I posed the question in the following way
We would like to investigate implementing this compressor in Numcodecs we can can use it with Zarr data. In order to do that, we would need to either
- call Julia directly from numcodecs (certainly possible but would limit usage)
- reimplement the algorithm in python (not appealing)
- Export a c-compatible binary library from Julia (possible but perhaps difficult)
Milan replied
Thanks so much for your interest! I’d be more than happy to develop BitInformation.jl more towards a reference implementation for the analysis of the bitwise information content. But you are quite right that maintaining similar code in several languages might be tricky and unnecessary additional effort. Before making a suggestion to either of these options let me highlight that there are technically two parts to our “compression method”. Quotation marks as the idea of the real bitwise information is certainly also that it should be possible to combine it with other existing compression methods, as we do with Zfp in our paper.
part 1. The bitwise information analysis.
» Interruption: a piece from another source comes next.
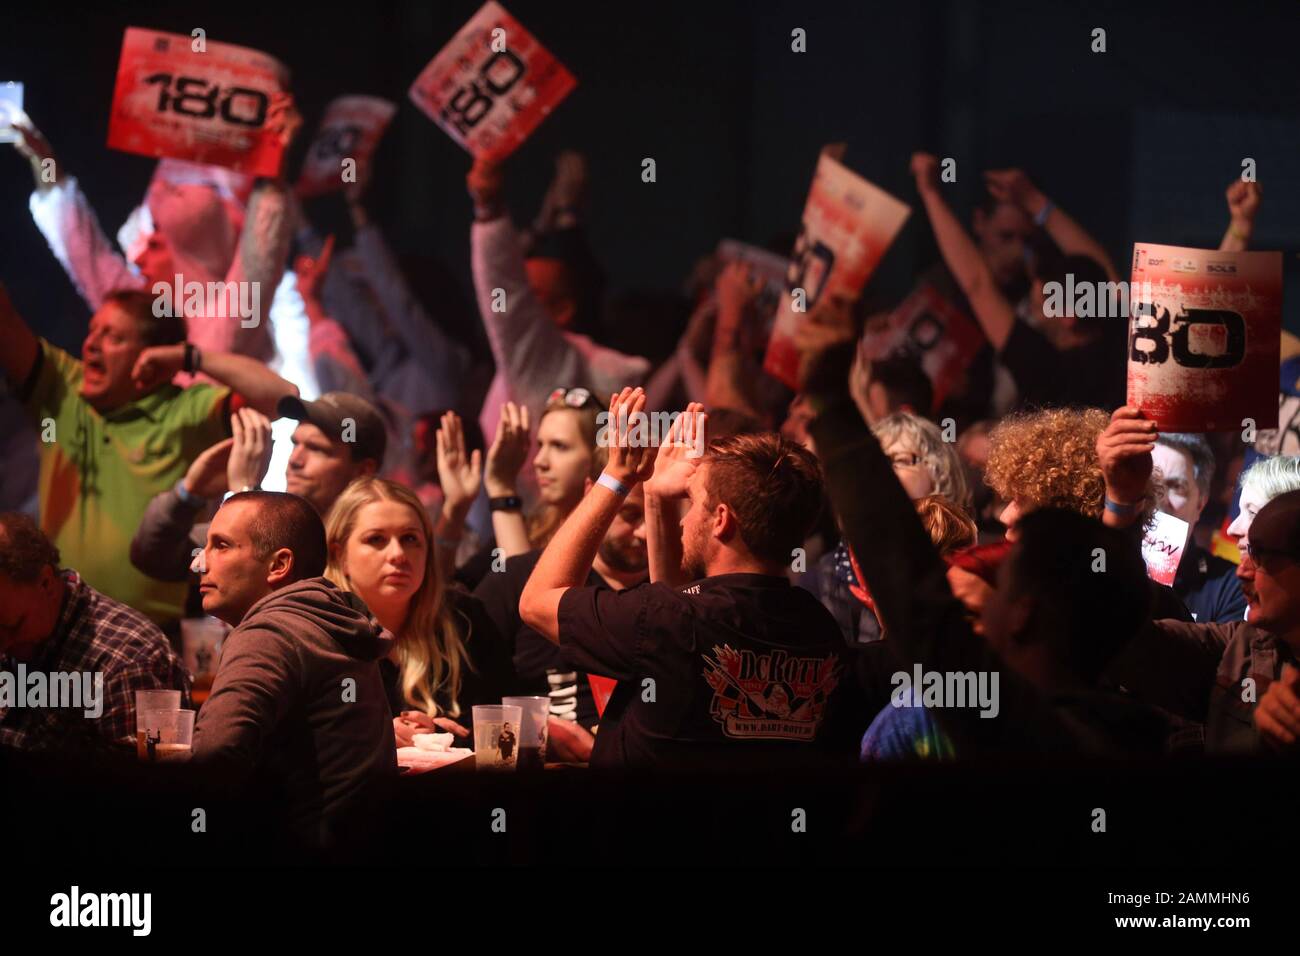 Fans at the German Darts Grand Prix at the Zenith in Munich. Cardboard signs with the magic score of 180 are held up. [automated translation] Stock Photo
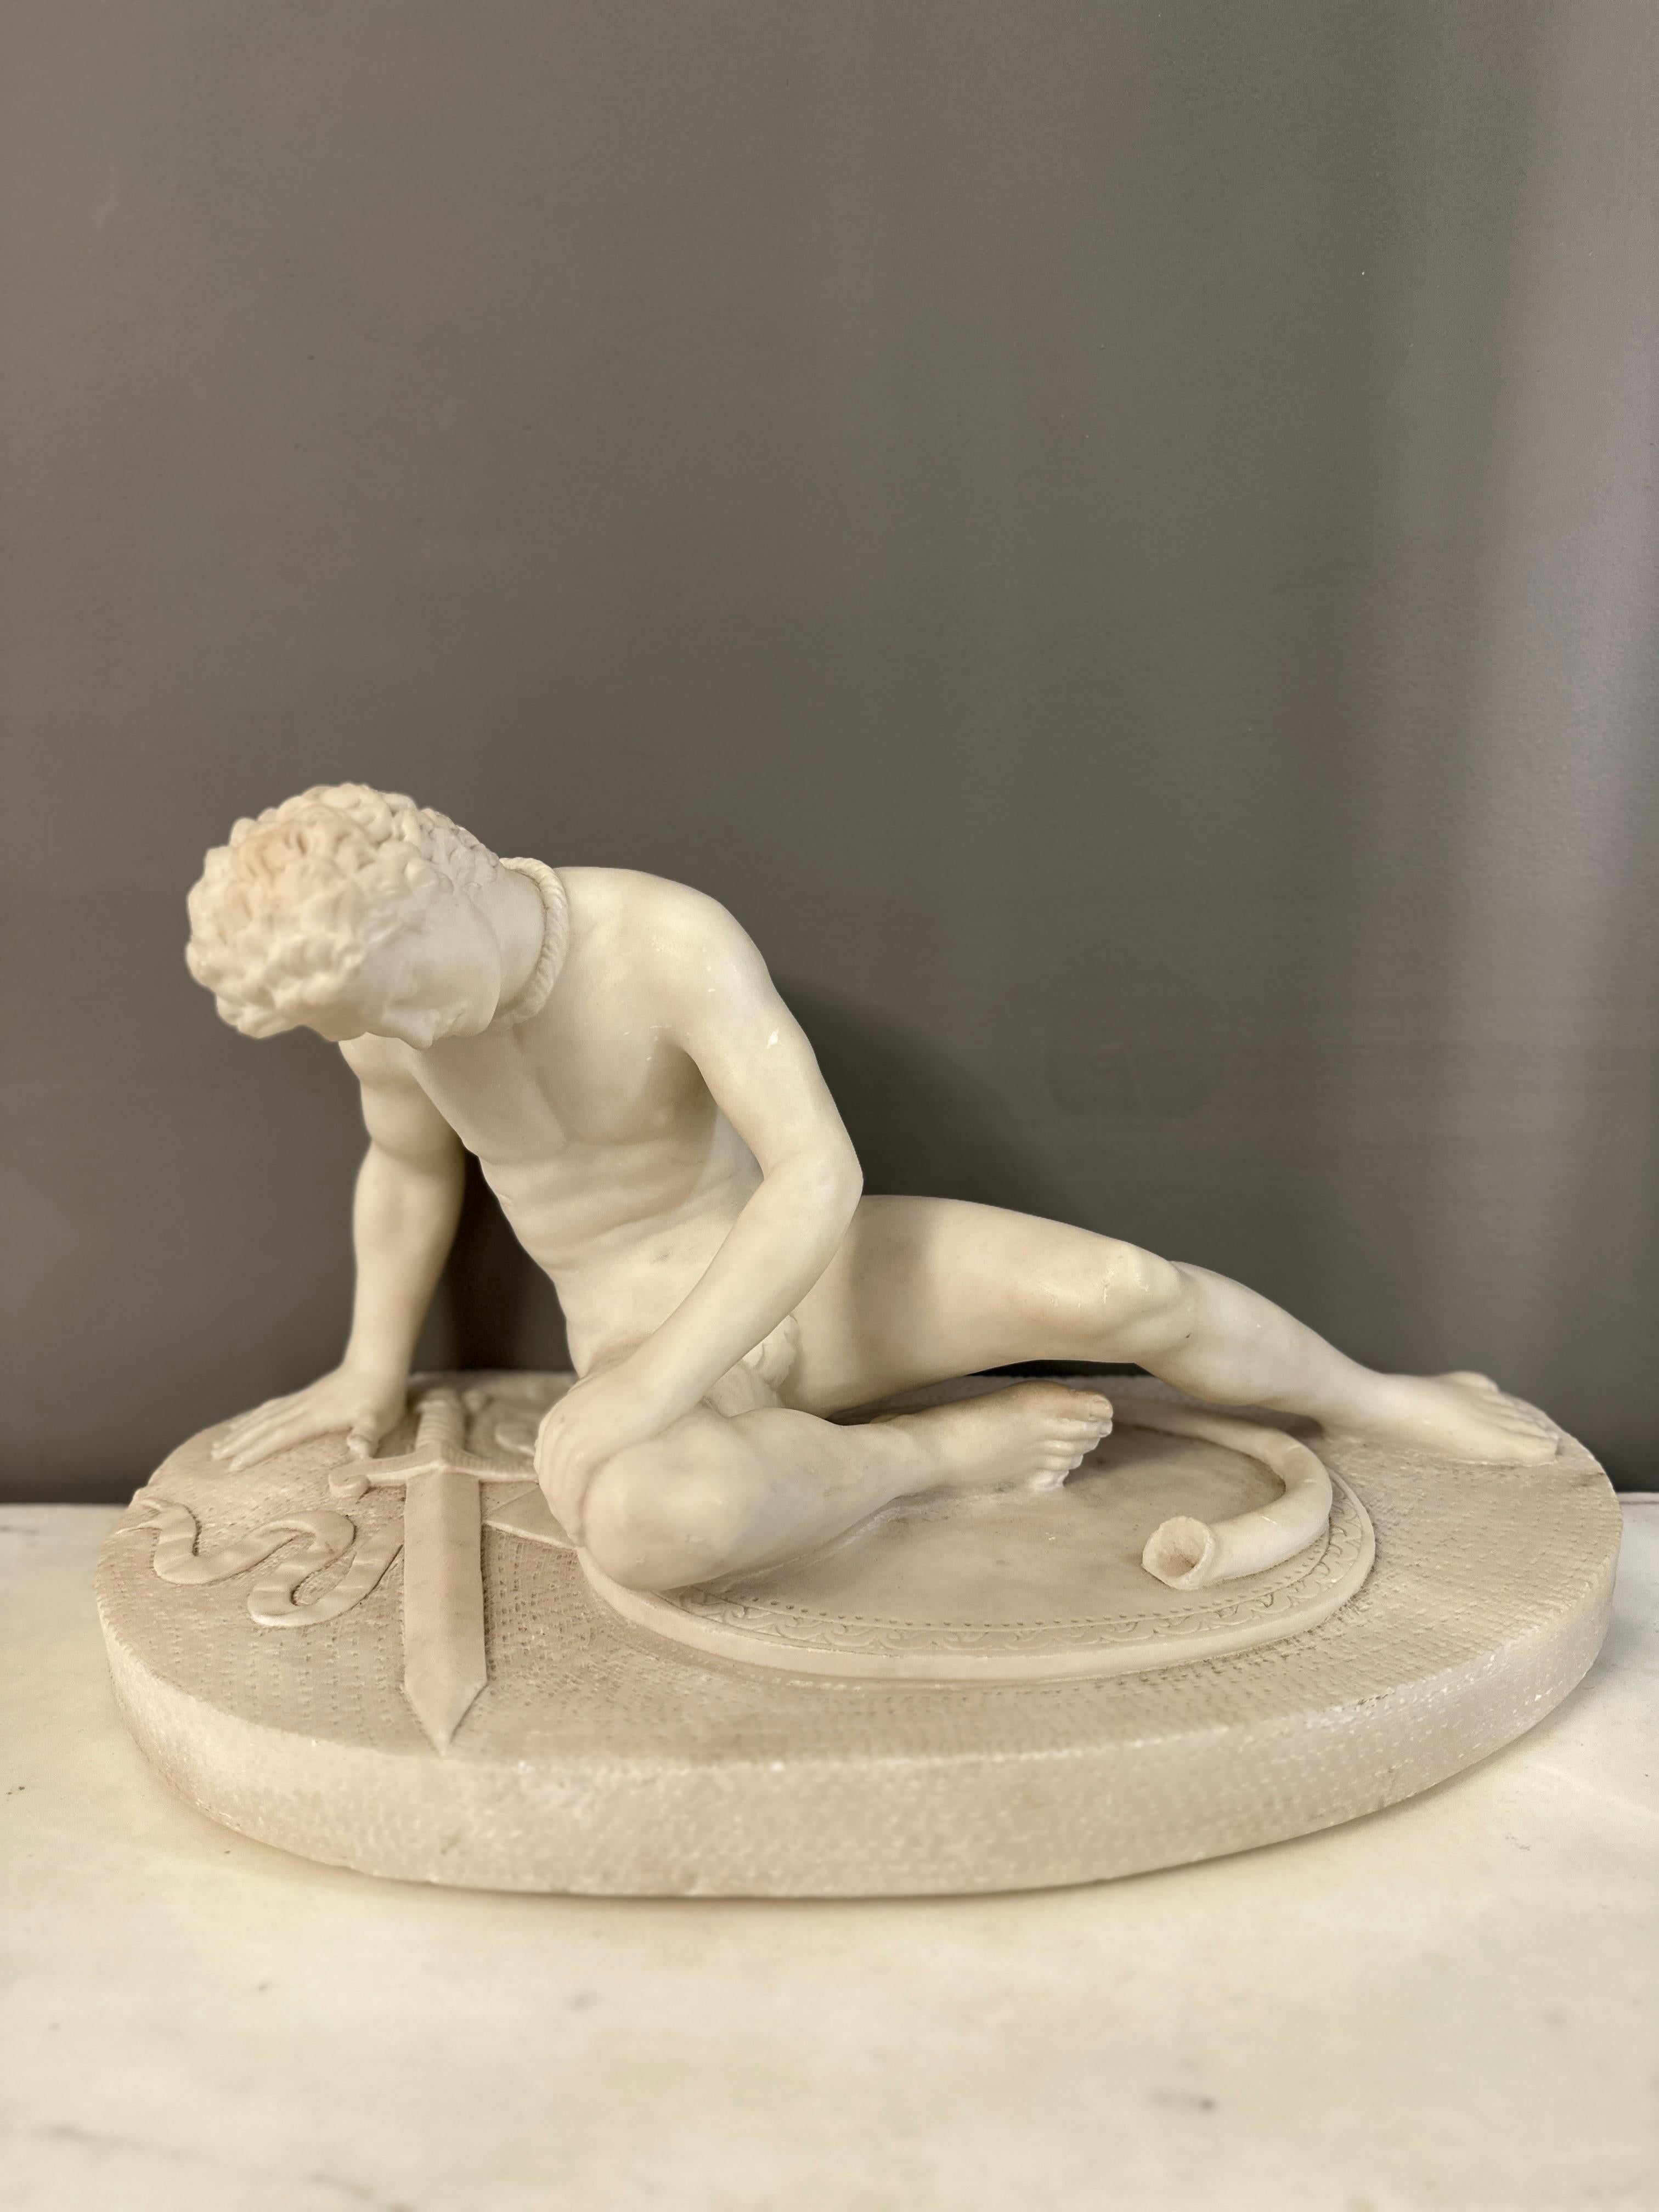 European An Antique Statuary White Alabaster Sculpture Of The Dying Gaul

This just informs how many bits should be retained for a given array, and does not have to be repeated, say for following time steps
part 2. The removal of false information. We simply round this to zero with round-to-nearest, while this doesn’t technically compress it can be combined with any lossless algorithm and I see you have plenty in numcodecs already.
So I think we’d need two things in numcodecs, for
part 1 the bitinformation function from BitInformation.jl If there’s a way to pull that one directly from Julia into numcodecs that’d be great because then I can keep updating / maintaining the BitInformation.jl and you’d get automatically the newest version.
part 2 a binary round to nearest. I see that np.round rounds in decimal, but we’d need a binary rounding mode to guarantee that the trailing bits are zero. This is technically 3 lines of code and so that can be done maybe directly within C/Cython.
So I’d suggest to reimplement part 2 (the rounding) as it’s only a small piece of code, but we should check how to call Julia efficiently for part 1.
Since we already support ZFP in numcodecs, I would say that this strategy makes a lot of sense
I'm copying Fig. 1 from the paper into this issue, since it provides a great visualization of the method
Next Steps
I would note that there is also a final step in this method, which is to apply a lossy (zfp) or lossless compression codec (zstd) to to the data.
As a concrete step forward, we could imagine first implementing the "binary rounding" as a standalone codec in numcodecs.
One technical question I have for @milankl is the following: The round function has a signature (translated to python like)
def round(x: float, setmask: int, shift: int, shavemask: int) -> float:
...where x is the array to be rounded. Can you confirm that setmask, shift, and shavemask are constants for each variable, which are determined based on the mutual information analysis from "part 1"? If this is the case, we can simply treat these as scalar parameters for the bitwise rounding codec.
This also suggests an even simpler path to supporting this compressor in python:
- we do the mutual information analysis in Julia using BitInformation.jl (only needs to be done once for each array)
- export the scalar parameters, e.g. via copy / paste or a simple text file
- create the appropriate codec chain in numcodecs, e.g.
bitwise_rounding+zstdorzst
I'm very excited about this opportunity and really eager to try it out, e.g. on the LLC4320 ocean simulations.